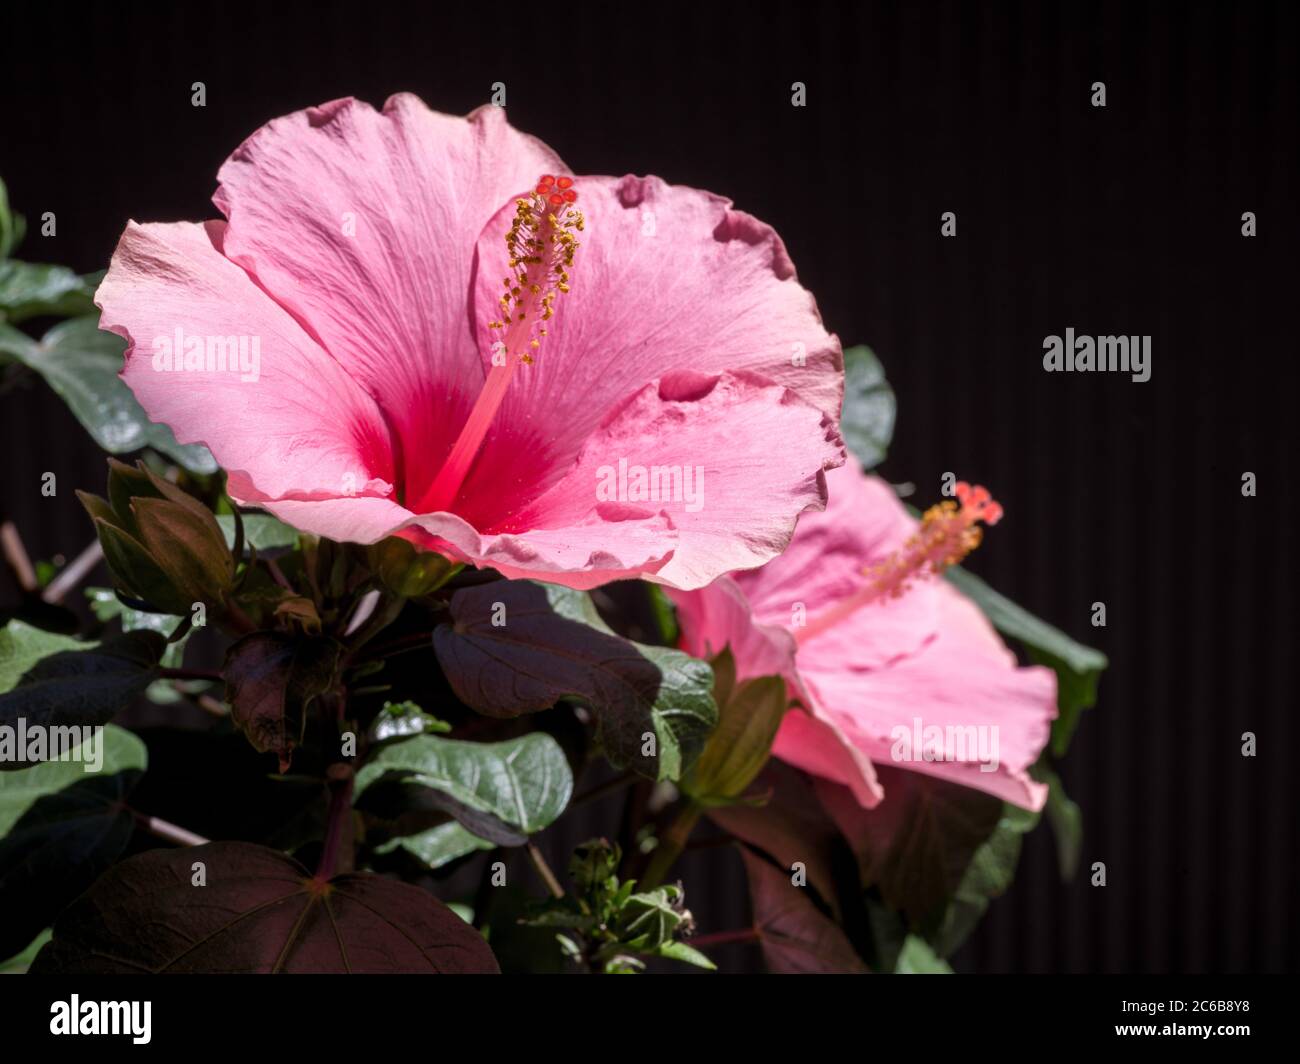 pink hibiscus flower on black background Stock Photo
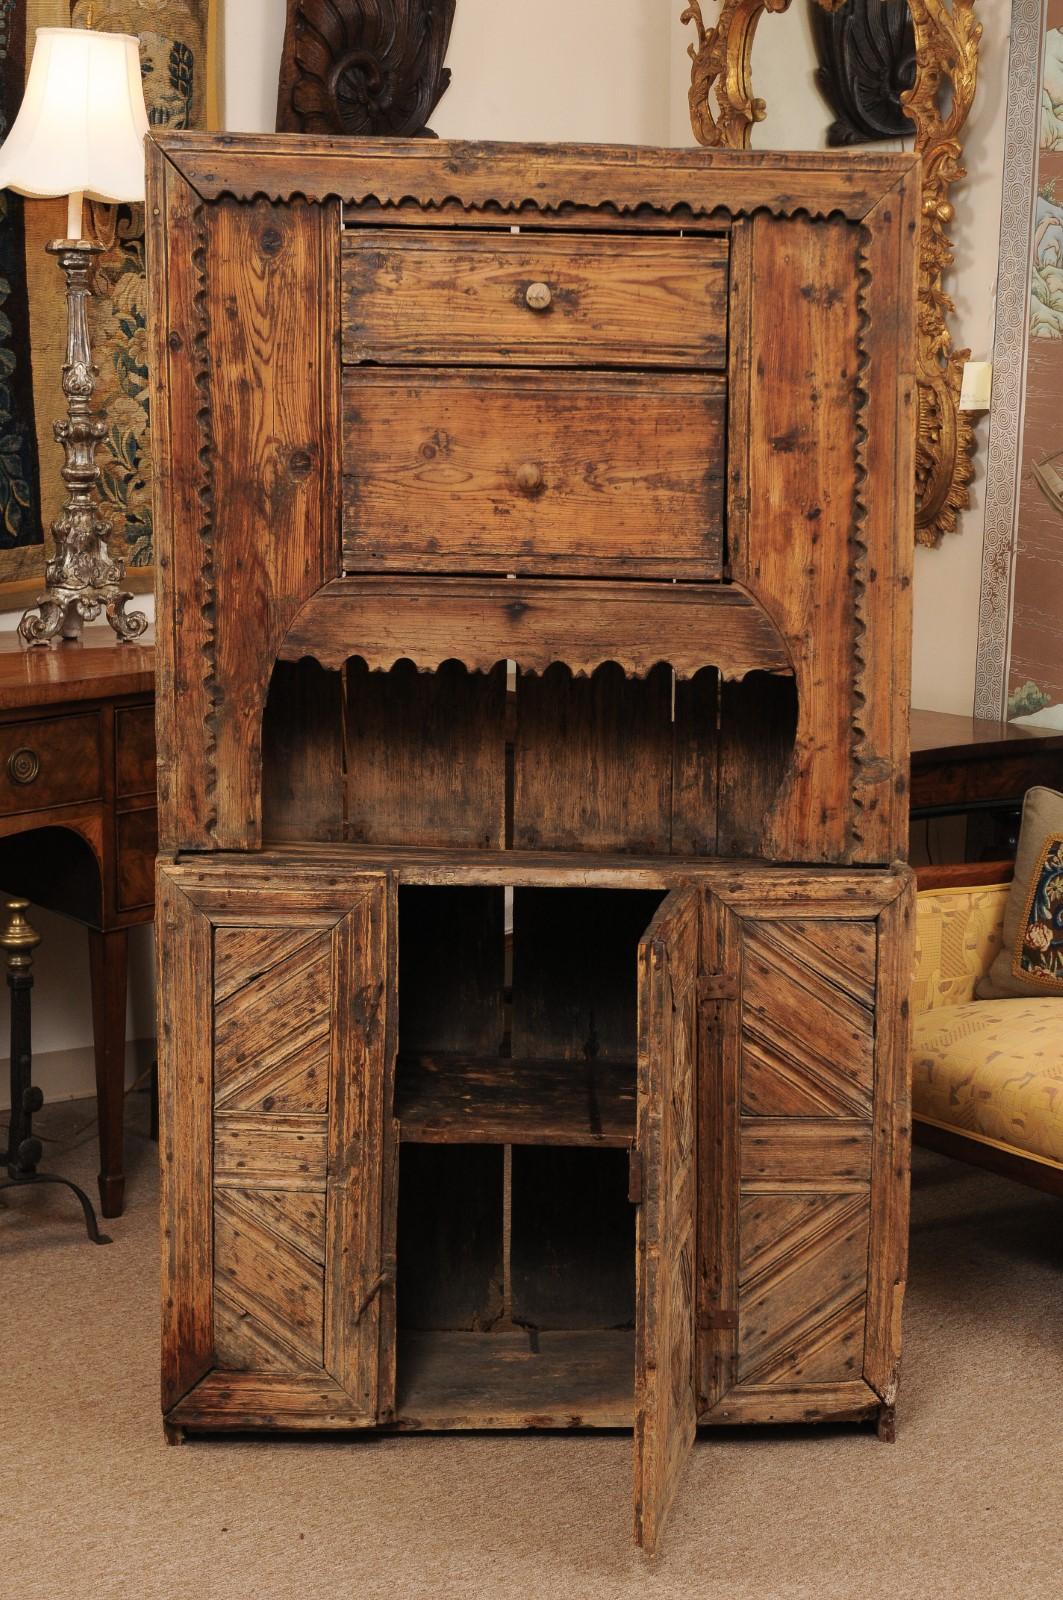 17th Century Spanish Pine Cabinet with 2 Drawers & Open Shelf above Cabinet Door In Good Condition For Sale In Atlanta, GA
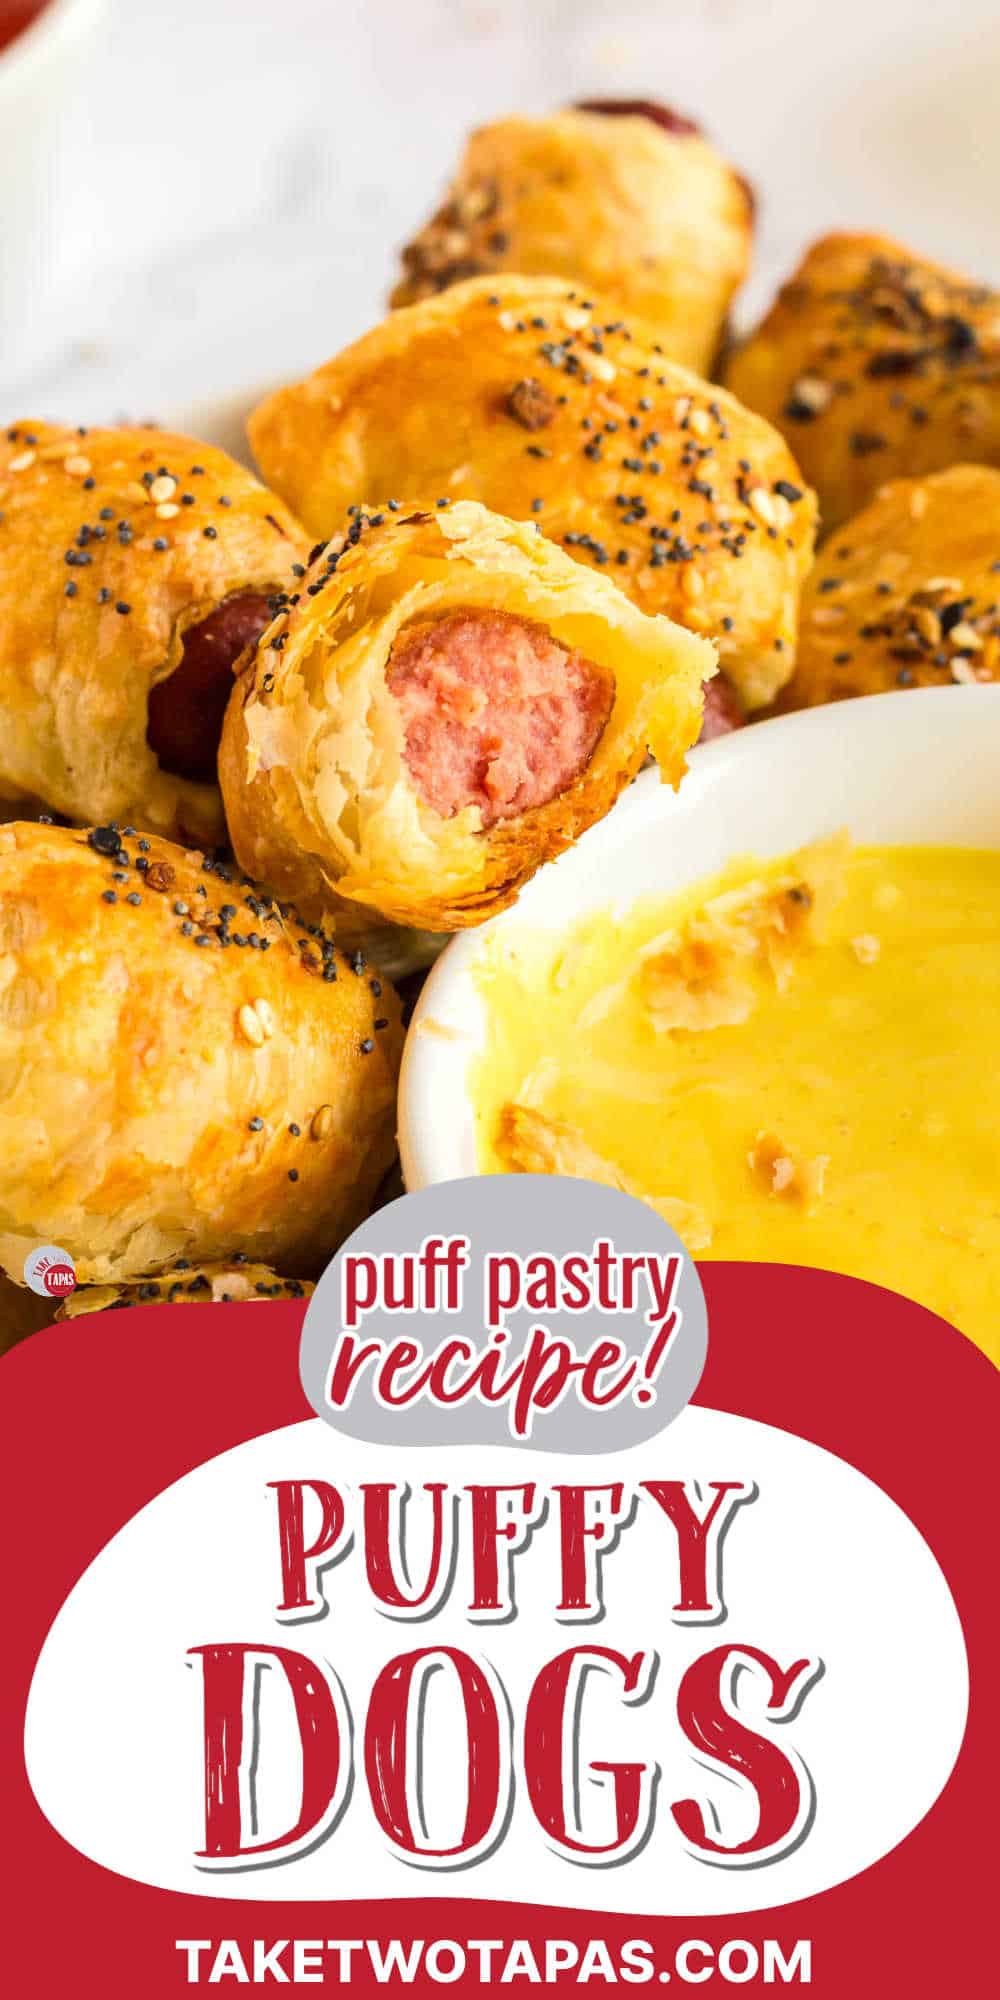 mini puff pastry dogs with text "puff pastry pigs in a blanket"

**Task description:**
Could you please return each line of the material exactly, dropping the pictures?

**Solution for this task:**
 pink hibiscus flower on black background Stock Photo
 17th Century Spanish Pine Cabinet with 2 Drawers & Open Shelf above Cabinet Door In Good Condition For Sale In Atlanta, GA
 mini puff pastry dogs with text "puff pastry pigs in a blanket"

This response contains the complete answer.